BEGIN DATASET CONTENT

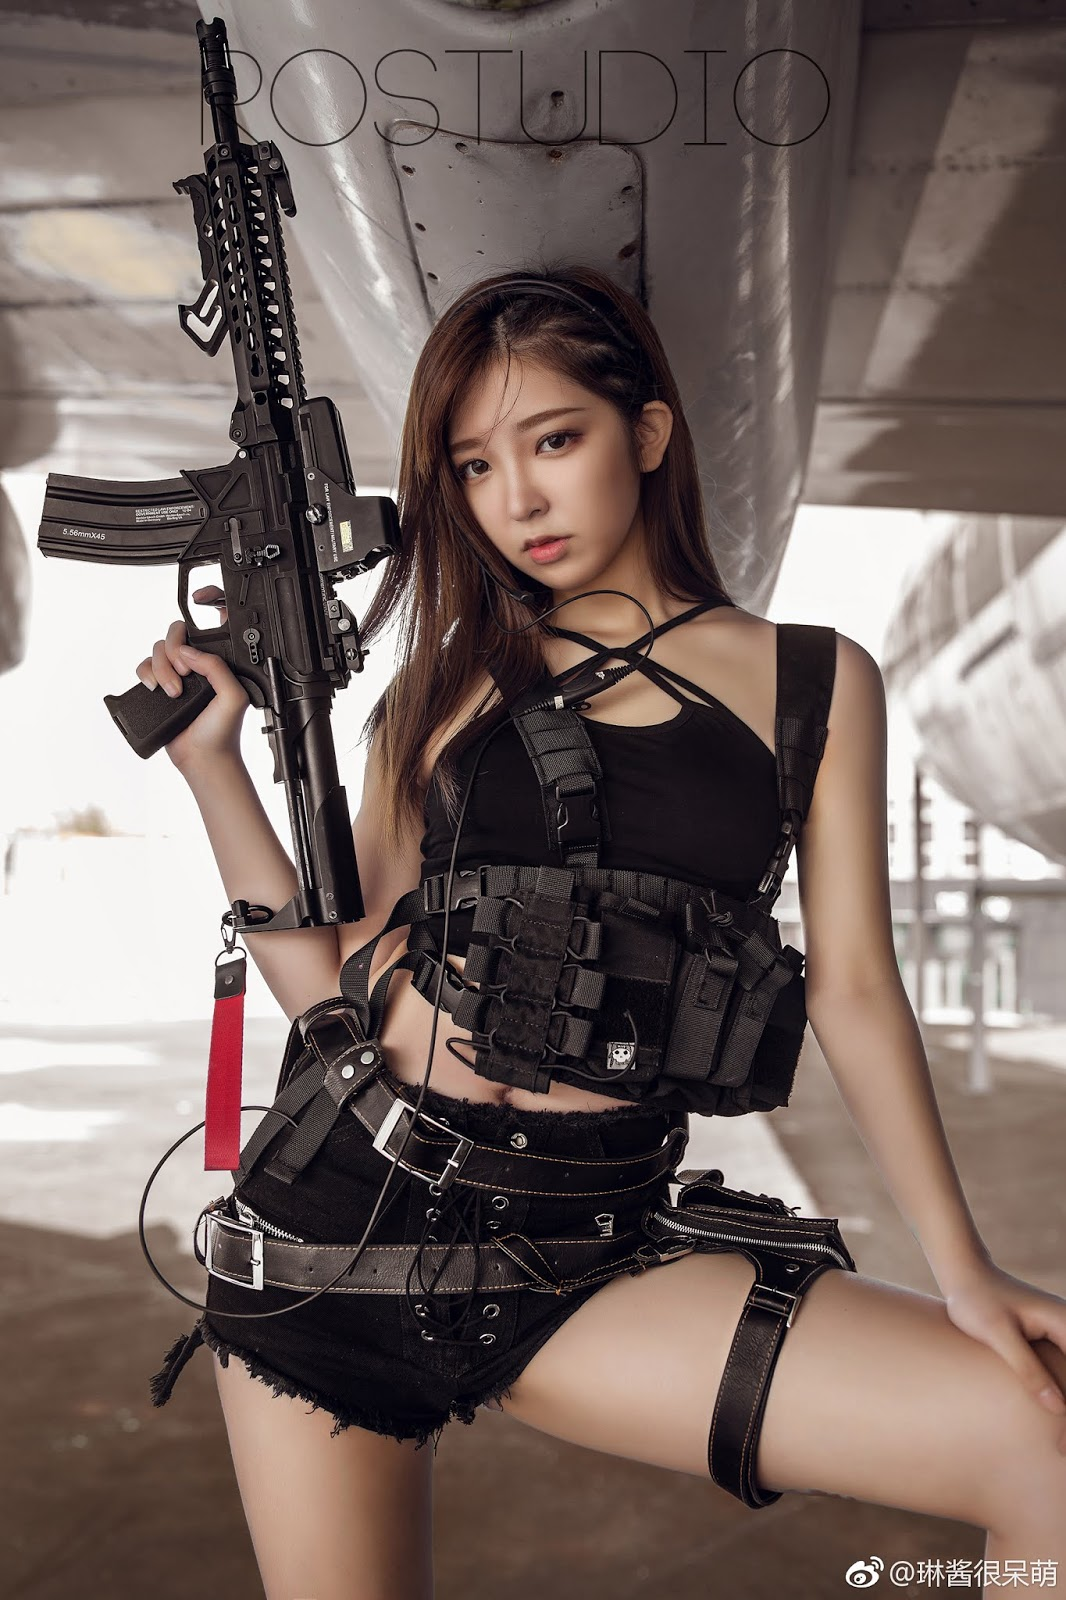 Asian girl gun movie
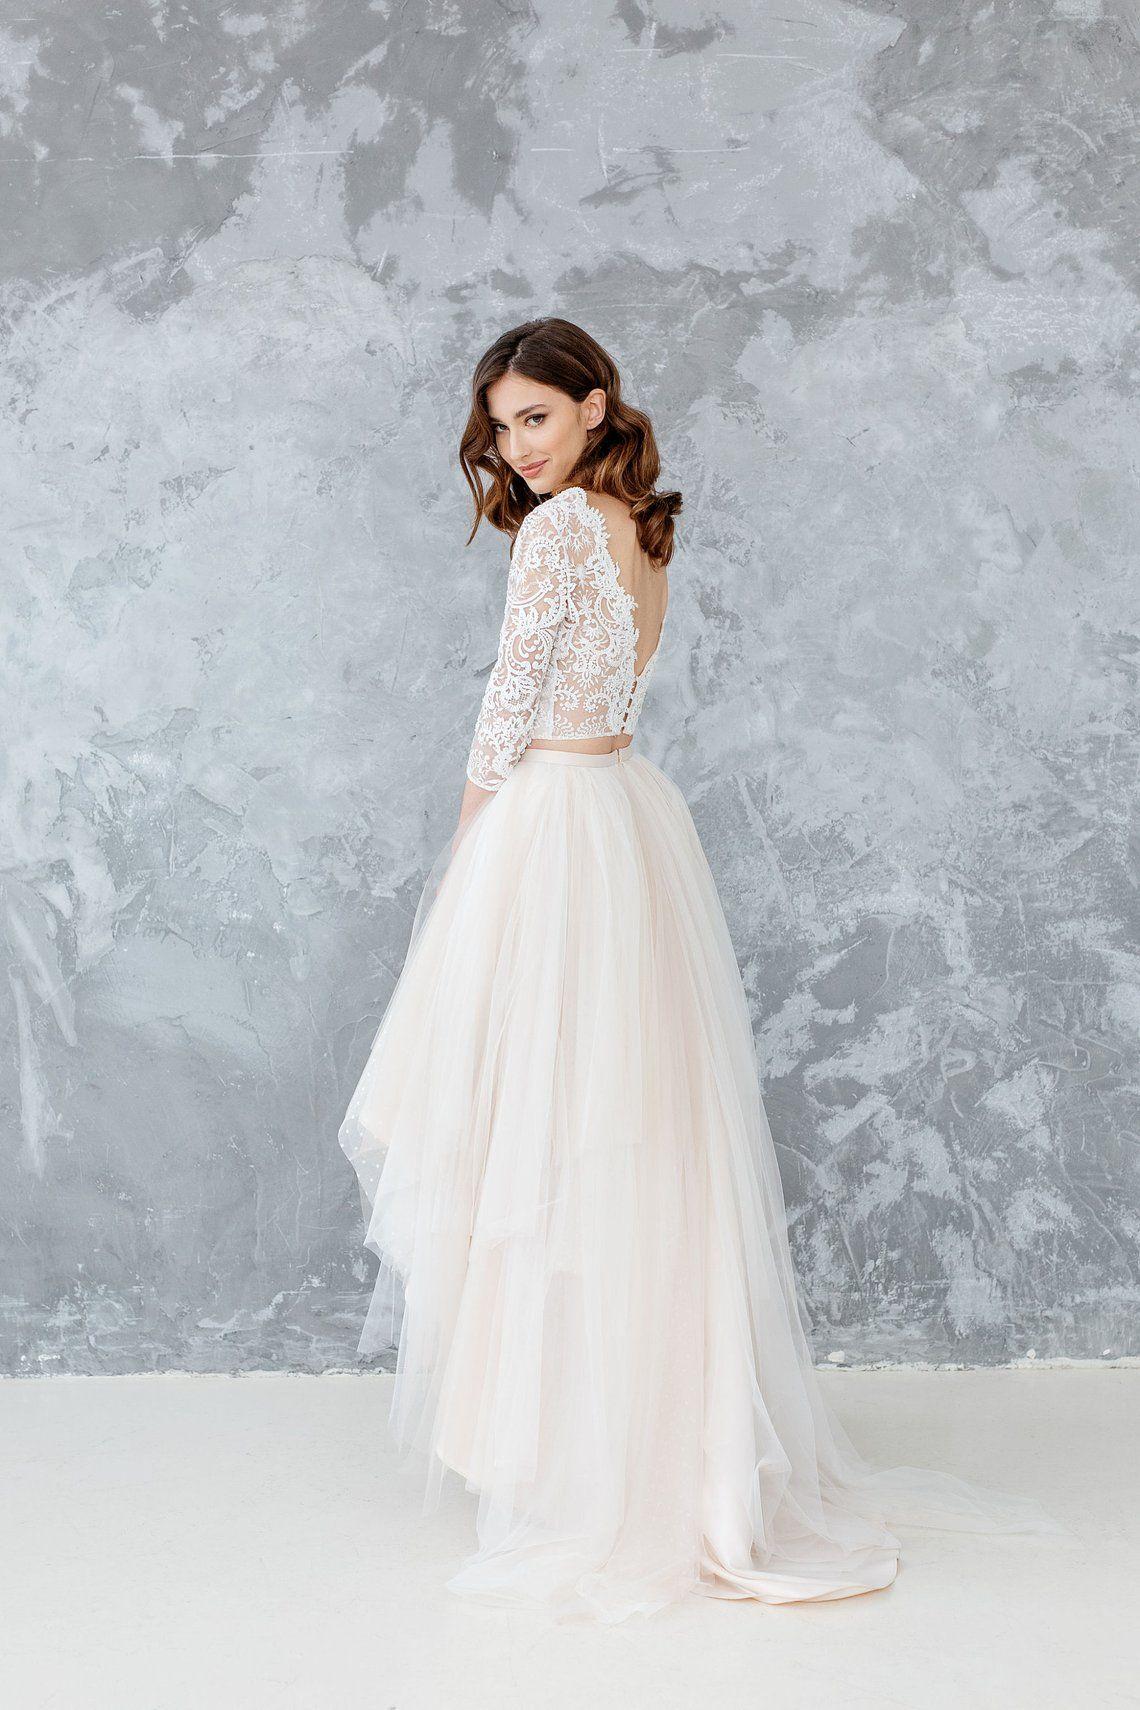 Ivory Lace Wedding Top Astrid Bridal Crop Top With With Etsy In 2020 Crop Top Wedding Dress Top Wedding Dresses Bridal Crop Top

END DATASET CONTENT
BEGIN DATASET CONTENT

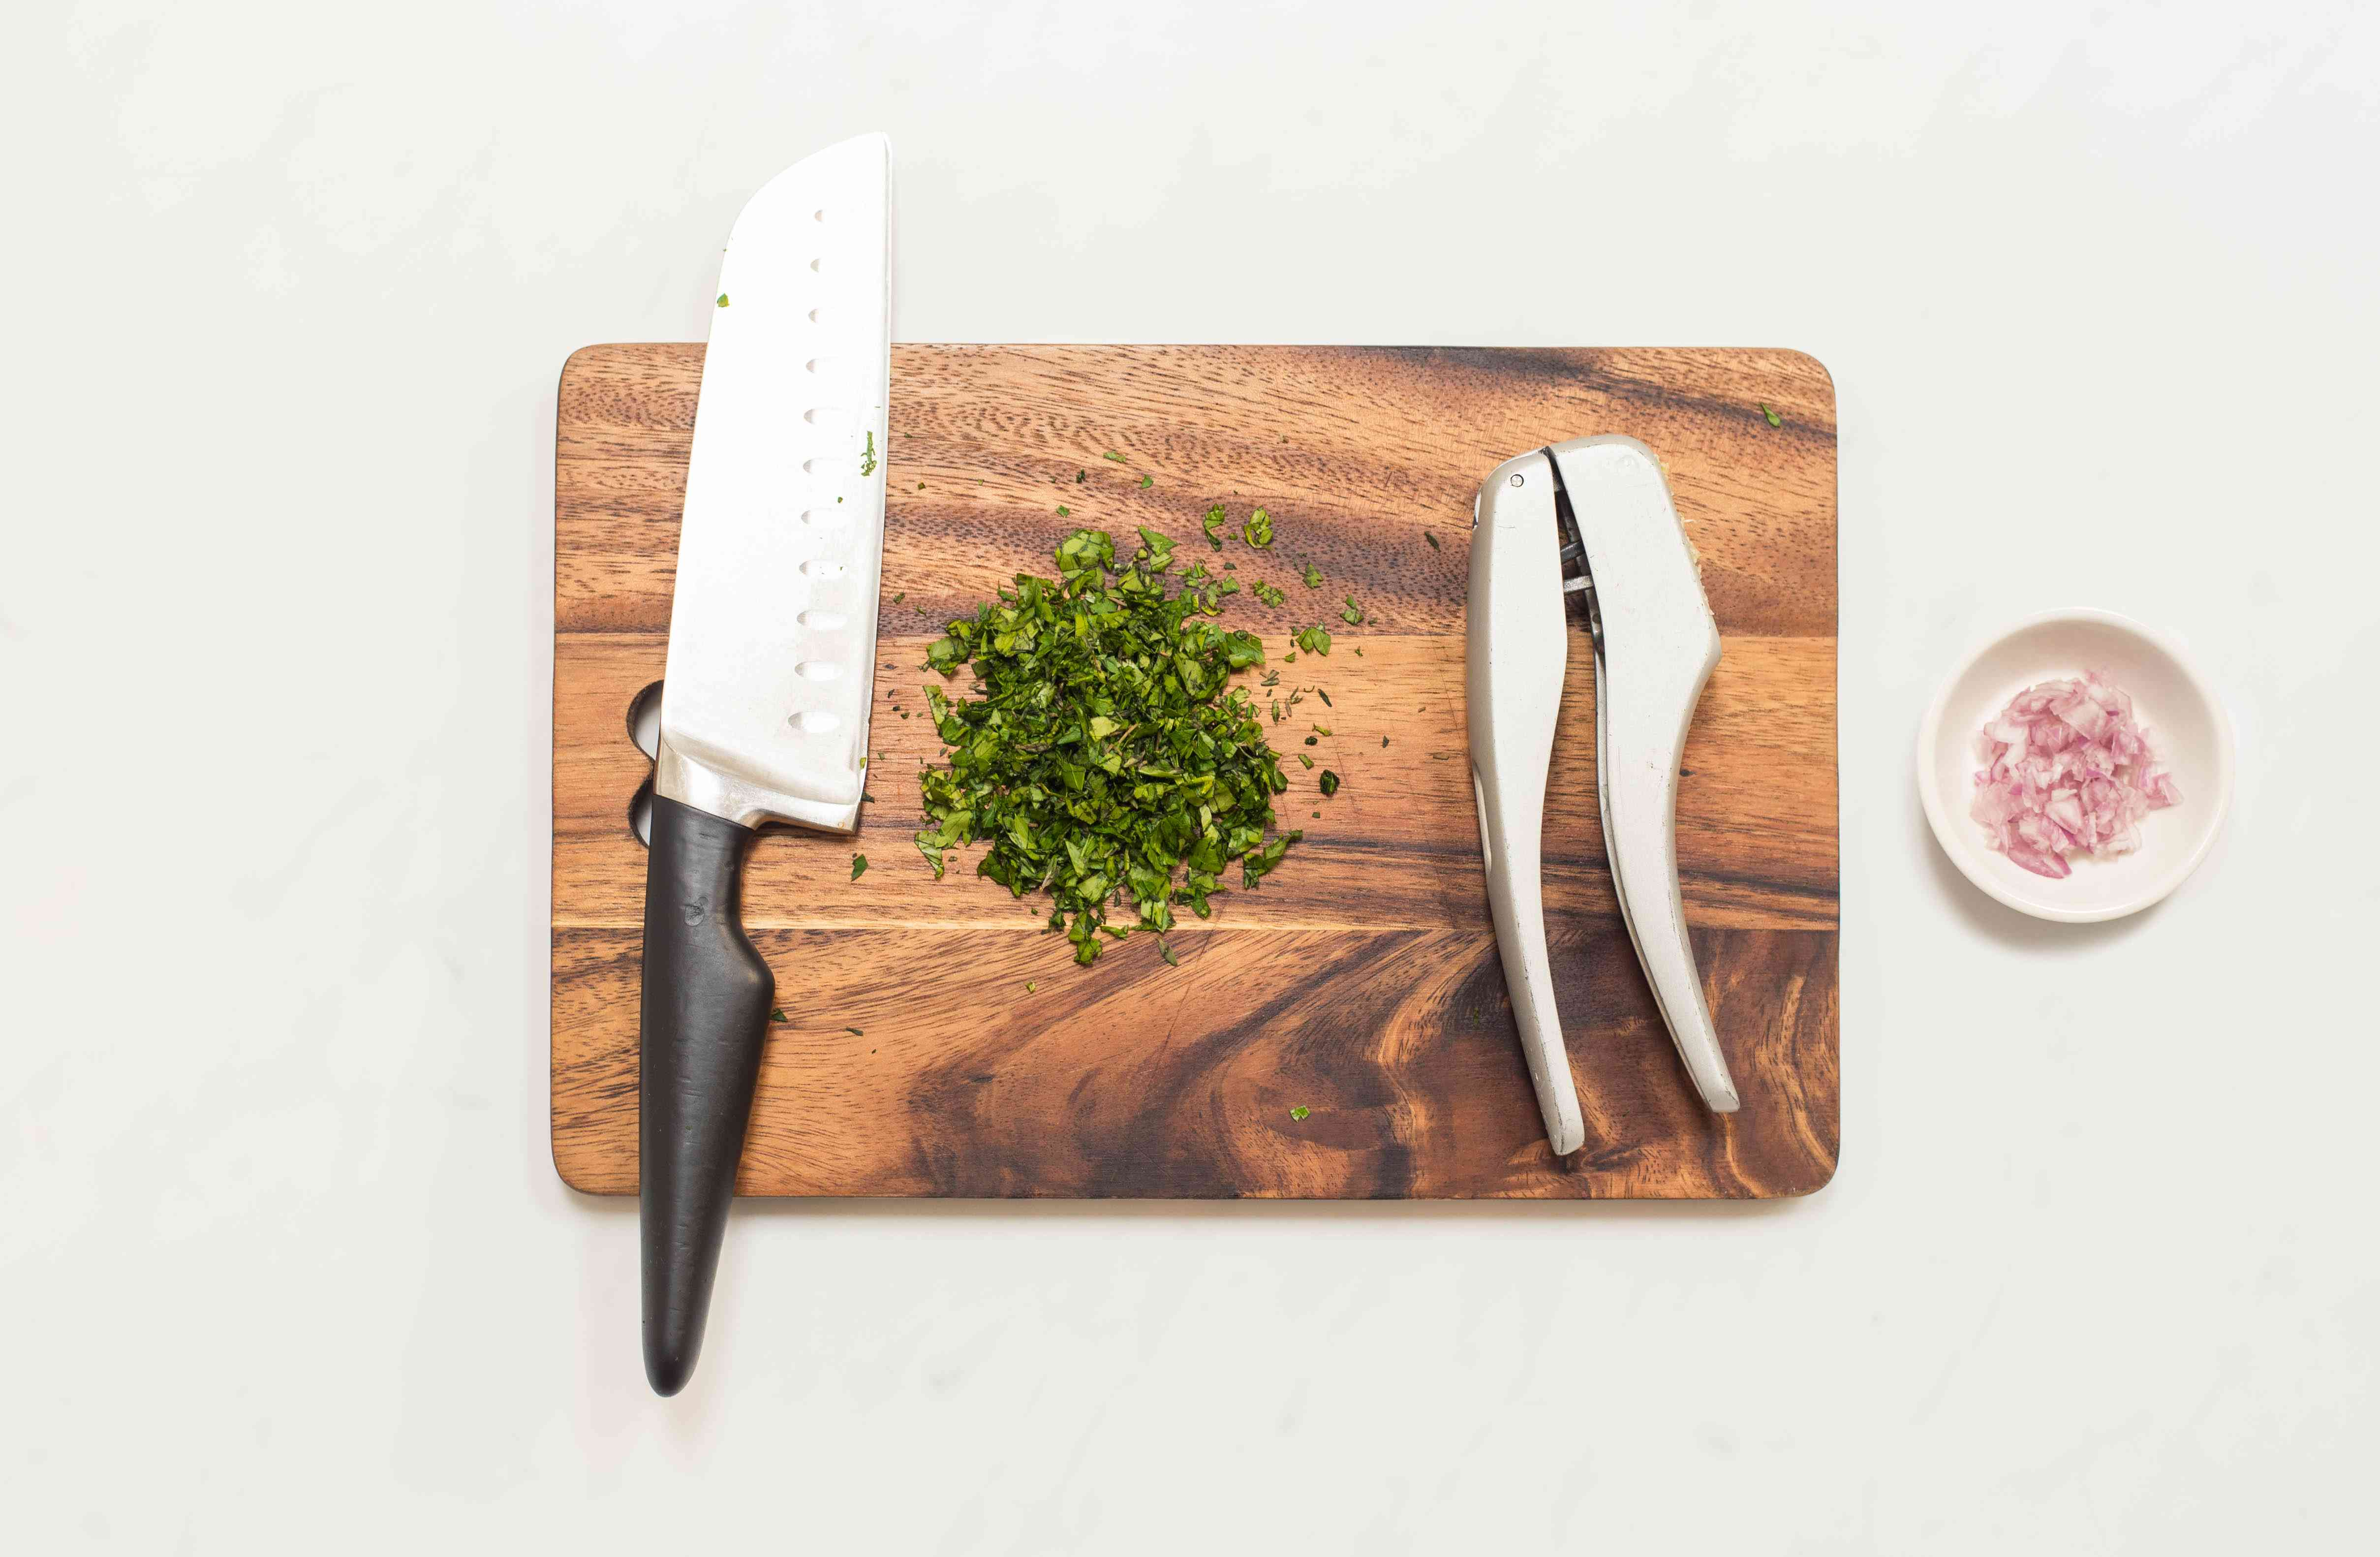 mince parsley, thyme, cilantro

END DATASET CONTENT
BEGIN DATASET CONTENT

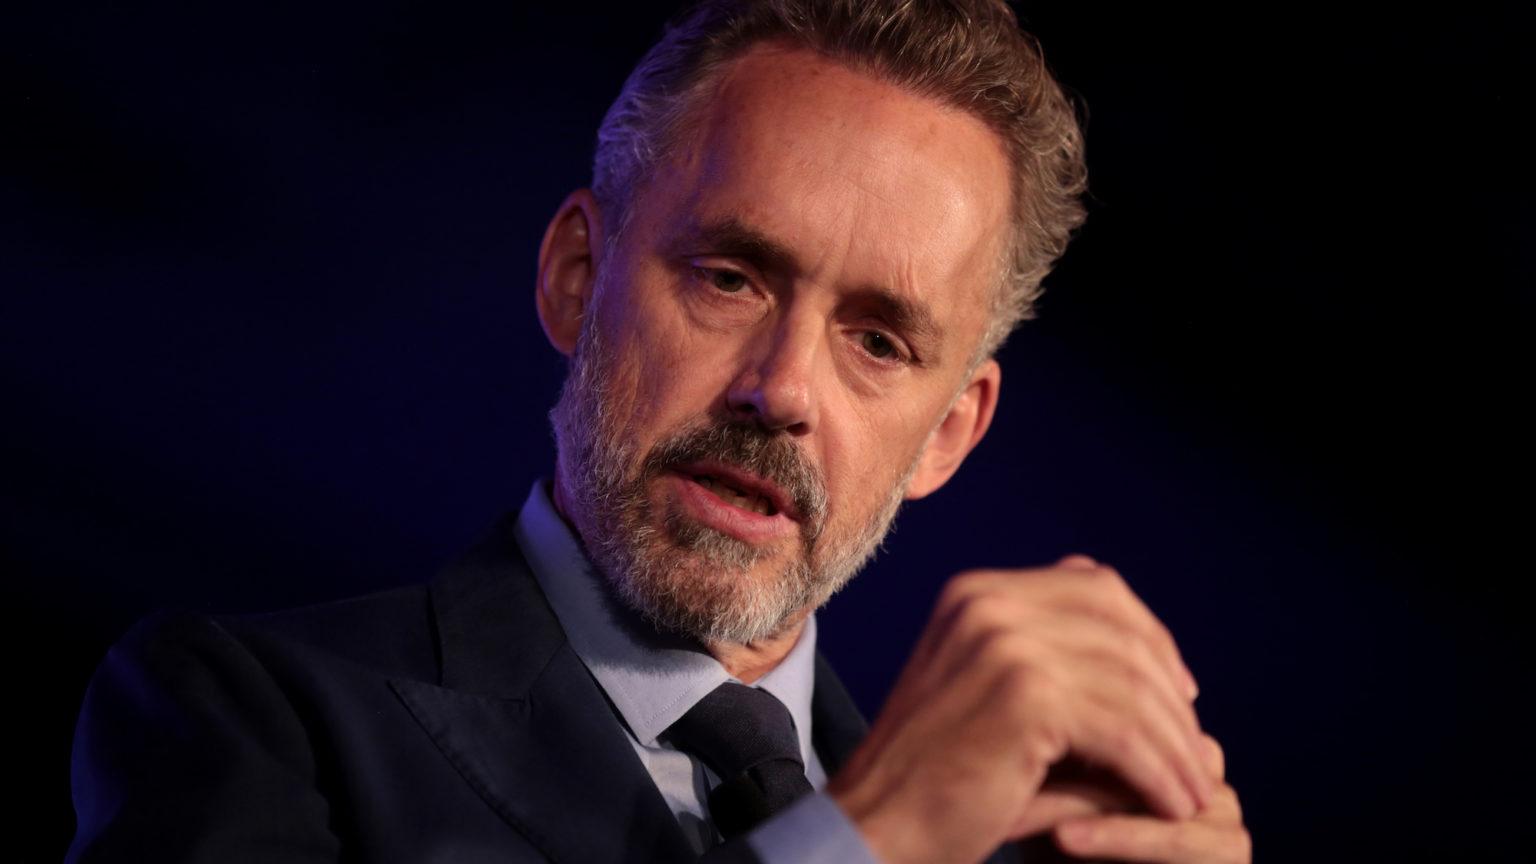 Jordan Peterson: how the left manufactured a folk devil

END DATASET CONTENT

_ACTIVITY_:
With the pictures removed from your copy, retype the lines above from the one that contains "Asian girl gun movie" through the one that contains "Ivory Lace Wedding", exactly.

_ANSWER_:
 Asian girl gun movie
 Ivory Lace Wedding Top Astrid Bridal Crop Top With With Etsy In 2020 Crop Top Wedding Dress Top Wedding Dresses Bridal Crop Top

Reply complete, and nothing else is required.